The stigma associated with particular neighborhoods has a direct impact on economic transactions, a team of New York University sociologists has found.
Their study, which appears in the journal Proceedings of the National Academy of Sciences, shows that when sellers are seen as being from an economically disadvantaged neighborhood, they receive fewer responses to advertisements placed in online marketplaces.
"Advertisements identifying the seller as a resident of a lower-income neighborhood received significantly fewer responses than advertisements identifying the seller as a resident of a more affluent neighborhood," study author Max Besbris, an NYU doctoral student, explains. "Where an individual resides thus plays a critical role in their success as participants in economic exchanges--which, of course, affects their ability to make a living."
Besbris suggests that the reason for the lower response rate to sellers from disadvantaged neighborhoods might be "because buyers used residence to infer the seller's race or ethnicity, economic status, trustworthiness, or dependability. There are plenty of characteristics that get ascribed to individuals based simply on where they live."
The study's other authors were: Jacob Faber and Peter Rich, both NYU doctoral candidates, and Patrick Sharkey, an associate professor in NYU's Department of Sociology.
In their experiment, the researchers investigated the effects of neighborhoods-- determined to be either economically advantaged or disadvantaged--on responses to advertisements posted for used iPhone 5's in 12 cities. The study used a large national online classified market where sellers post ads based on city and commonly list their neighborhood as well as the desired location for the transaction.
The study identified disadvantaged and advantaged communities by aggregating census data on racial composition and poverty to Zillow neighborhood boundaries, which define neighborhoods in U.S. cities by name. Zillow neighborhood names were cross-referenced with frequency of search results in news articles on LexisNexis to confirm that they are commonly used neighborhood names and that the selected neighborhoods are generally portrayed as either advantaged or disadvantaged.
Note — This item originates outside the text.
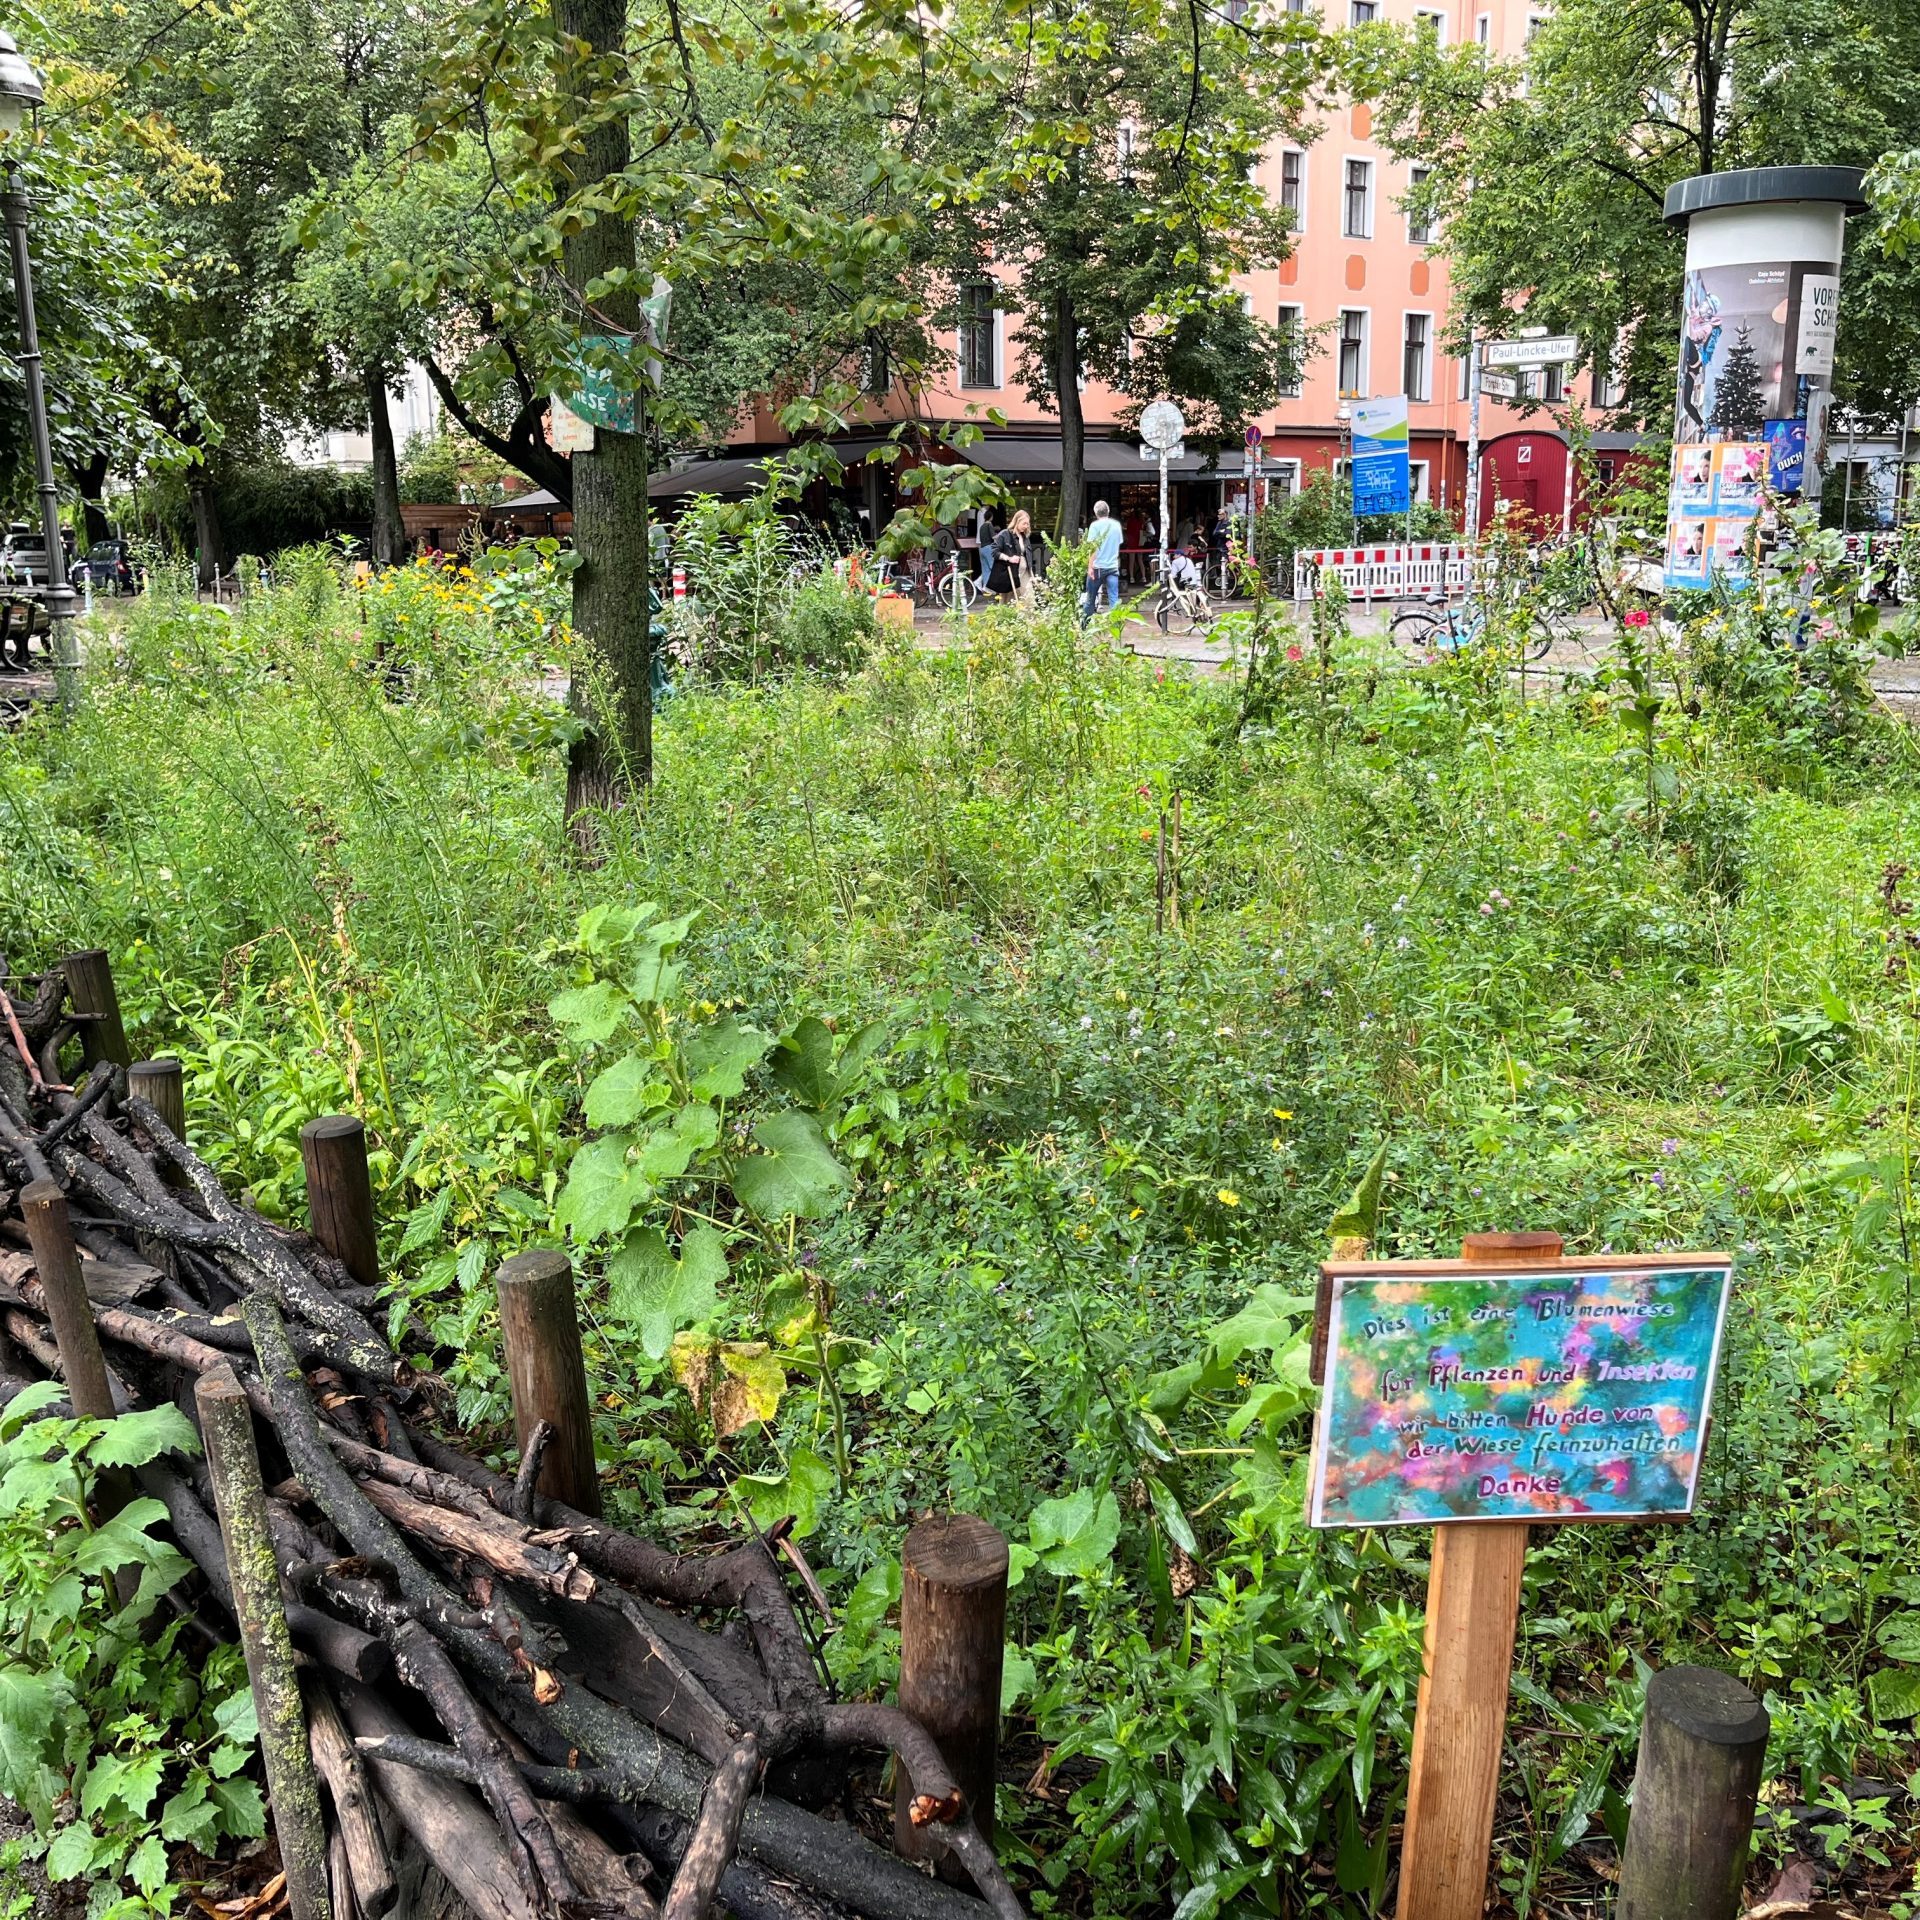 Das Bild zeigt eine Blumenwiese auf einer kleinen begrünten Fläche in Berlin. Die Blumenwiese wird von einer Totholzhecke umrahmt.

The researchers placed two advertisements per week in each city over a 3-4 day period, with price controlled to match regional marketplaces. Researchers randomly designated the sellers for each ad, posting as either residing in a disadvantaged or advantaged neighborhood, as well as the desired meeting place, either the seller's neighborhood or a high-traffic area of the city (e.g., downtown).
The results showed that advertisements from disadvantaged neighborhoods received approximately 16 percent fewer responses than did advertisements from advantaged neighborhoods. Moreover, this disparity was greater--approximately 21 percent fewer responses--for black, disadvantaged neighborhoods. However, there was no discrepancy for disadvantaged neighborhoods that were majority Latino.
The researchers believe this study demonstrates that the perceptions other people hold affect the opportunities individuals encounter. Besbris explains that it is not merely the existing economic conditions within a neighborhood that affected residents.
"In this study, even the perceptions, true or false, that potential buyers had of a neighborhood influenced their likelihood to respond to an ad, and thus limited the economic opportunities of the seller," he observes.
The studied cities were the following: Atlanta, Baltimore, Boston, Chicago, Los Angeles, Philadelphia, Phoenix, San Antonio, Seattle, Washington, D.C. In addition, the researchers considered two New York State boroughs--Manhattan and Brooklyn--as separate geographic entities.
This study was supported, in part, by the William T. Grant Foundation.